** Opening Input data block **
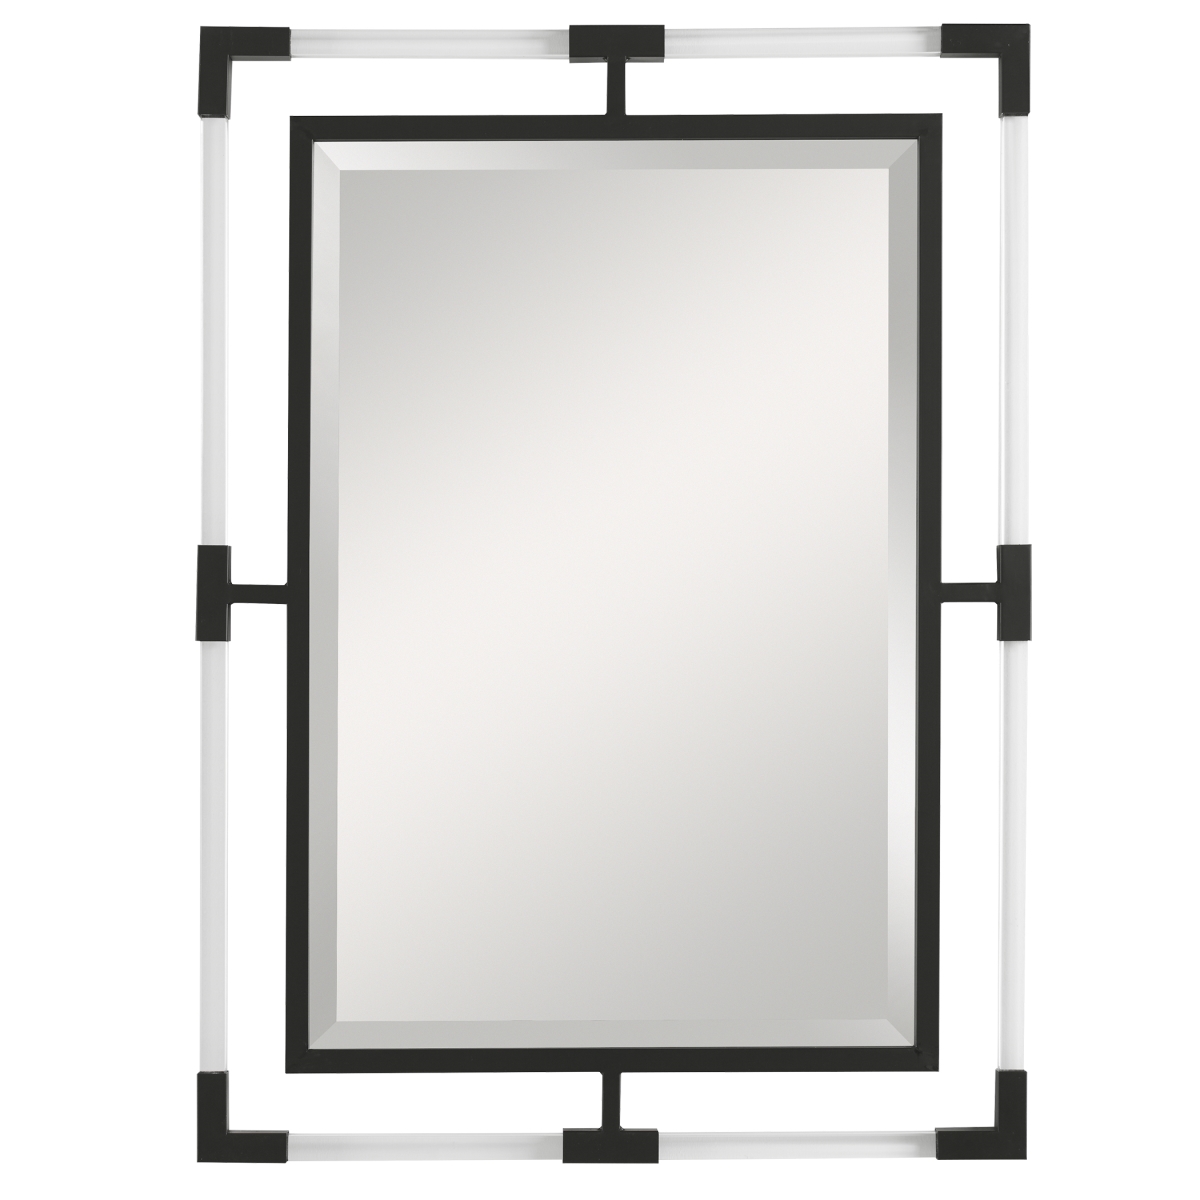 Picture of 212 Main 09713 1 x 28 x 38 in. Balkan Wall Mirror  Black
** Closing Input data block **
** Opening Input data block **
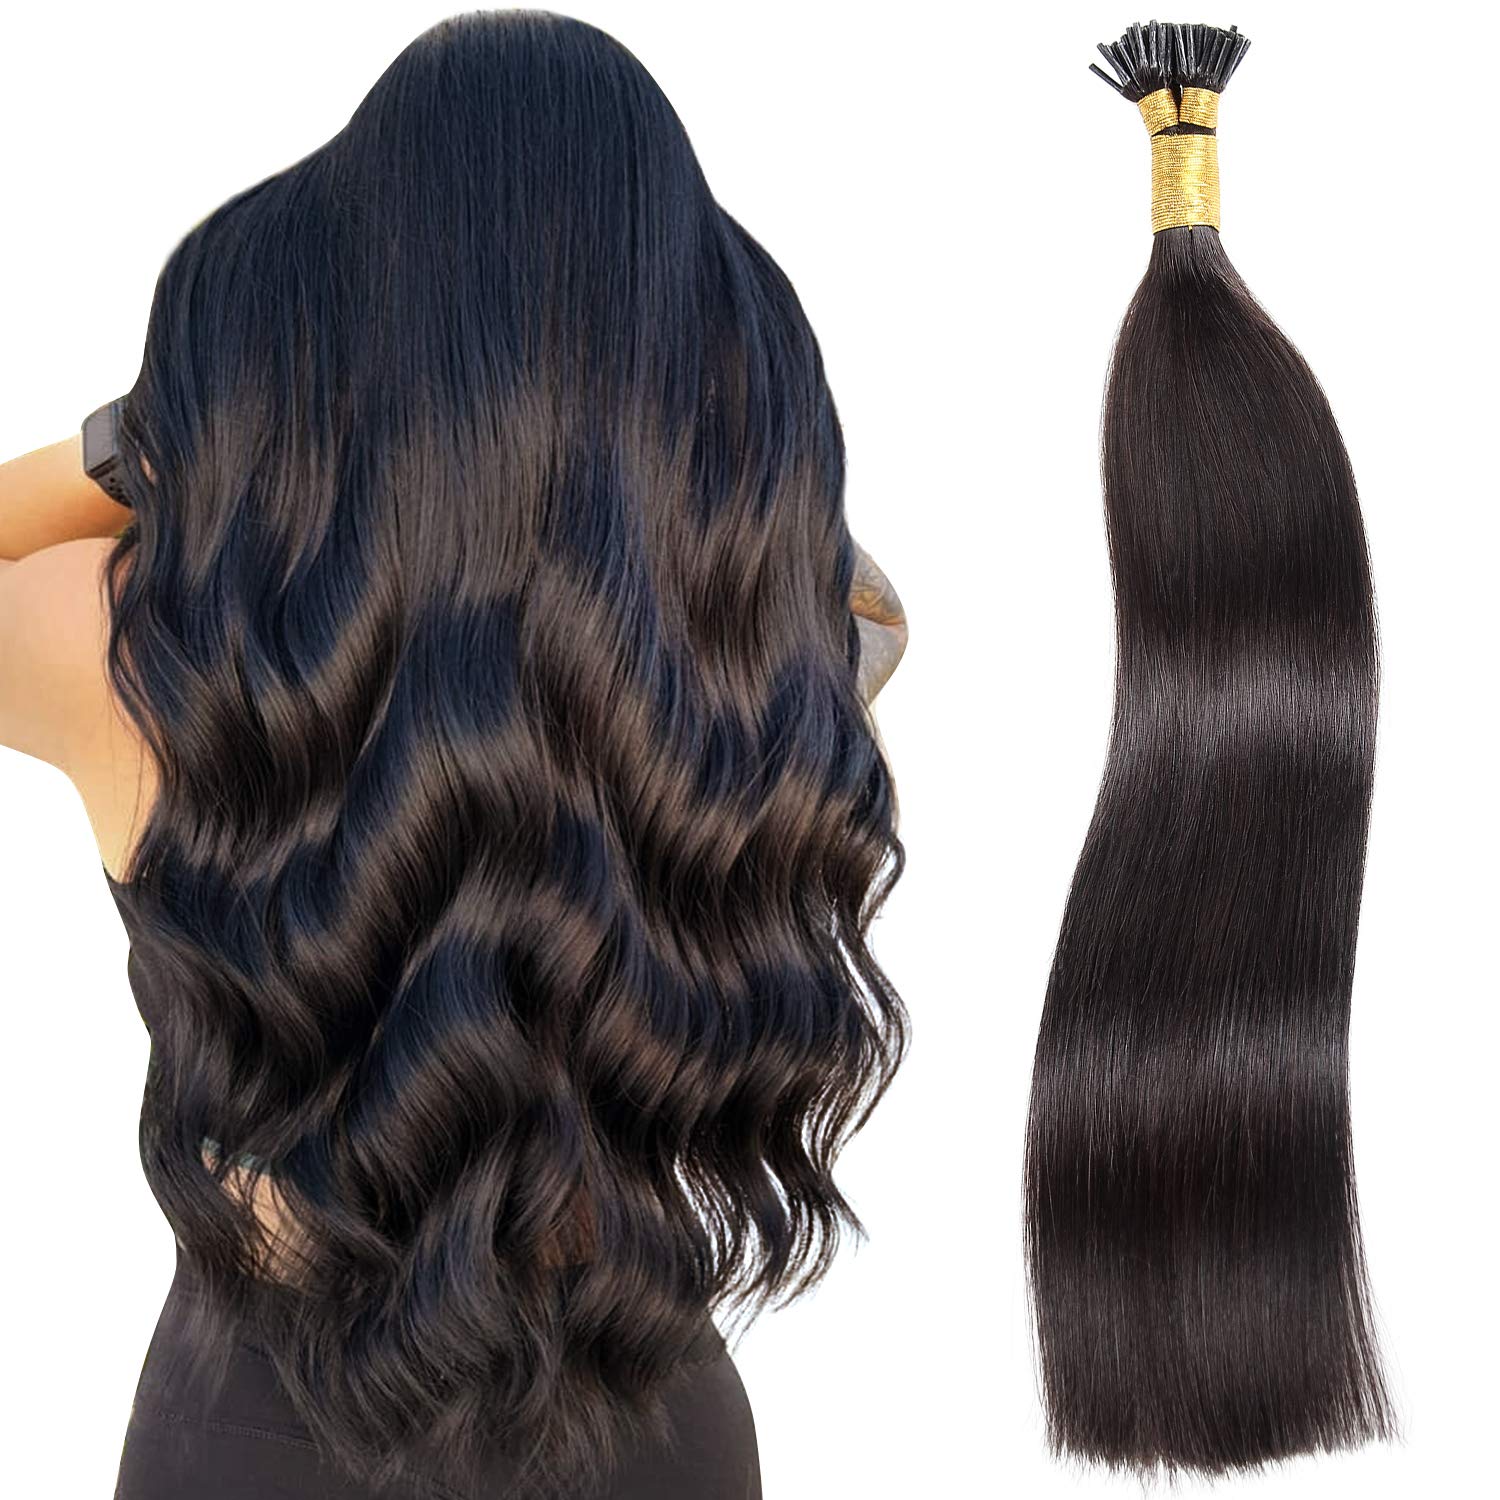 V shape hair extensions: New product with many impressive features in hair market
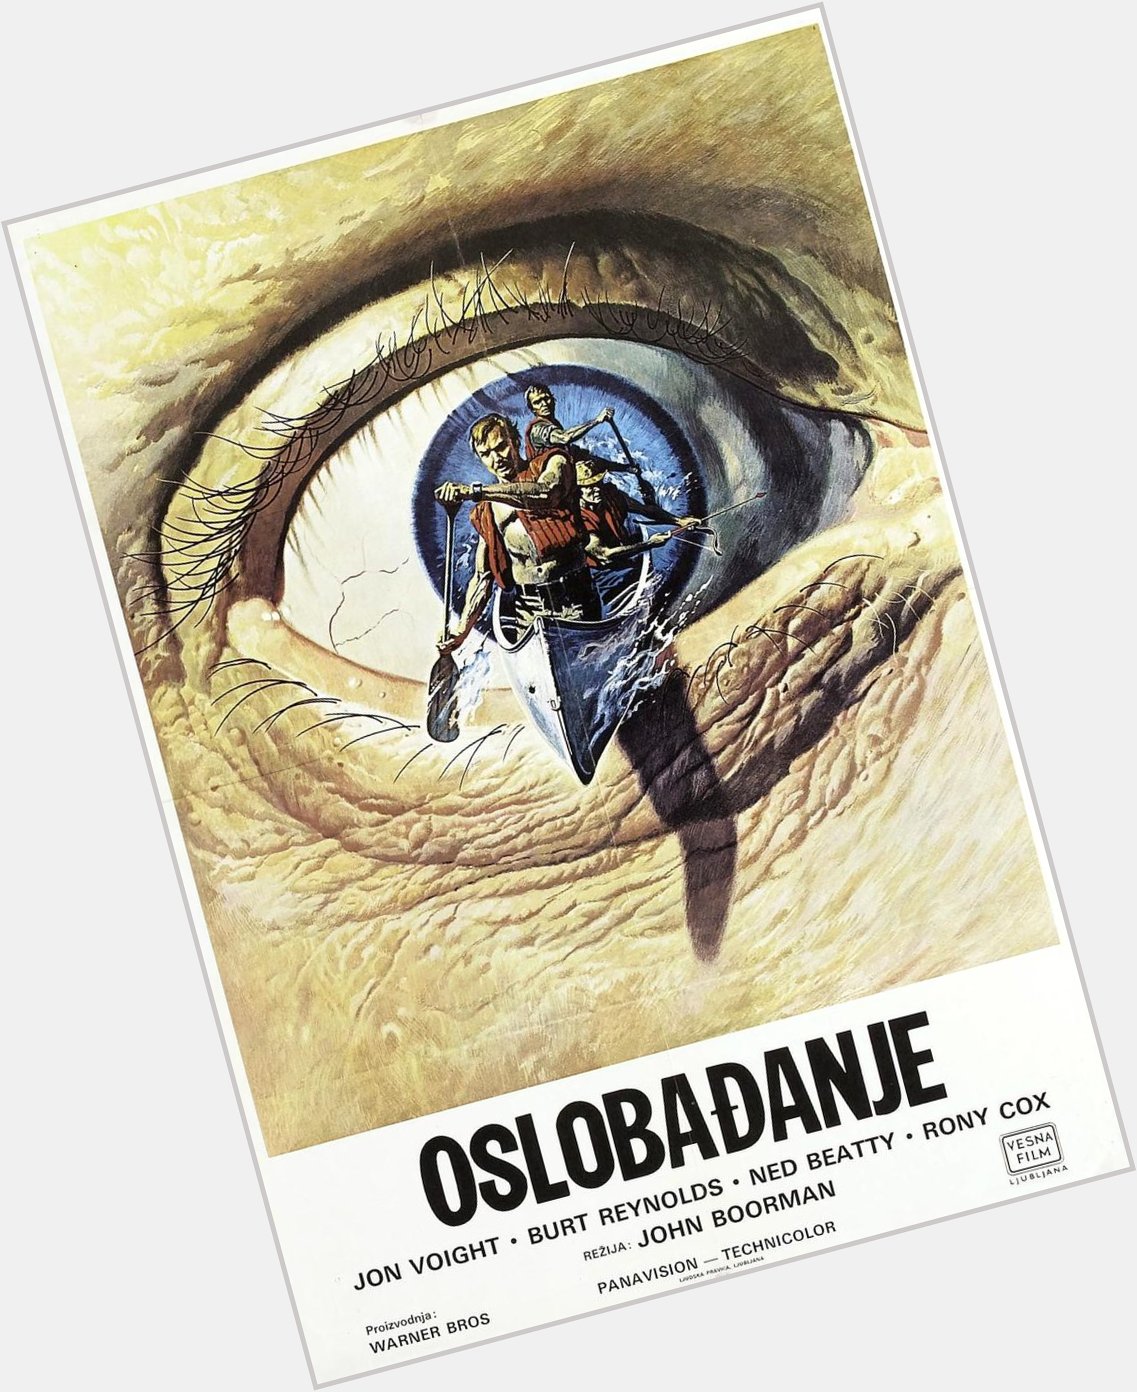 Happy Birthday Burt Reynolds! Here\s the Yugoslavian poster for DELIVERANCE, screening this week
** Closing Input data block **
[Your objective]
Reproduce, word for word, everything in the listing above from the line containing "V shape hair" down to the line containing "Happy Birthday Burt", both of them included. No pictures.

[Solution]
 V shape hair extensions: New product with many impressive features in hair market
 Happy Birthday Burt Reynolds! Here\s the Yugoslavian poster for DELIVERANCE, screening this week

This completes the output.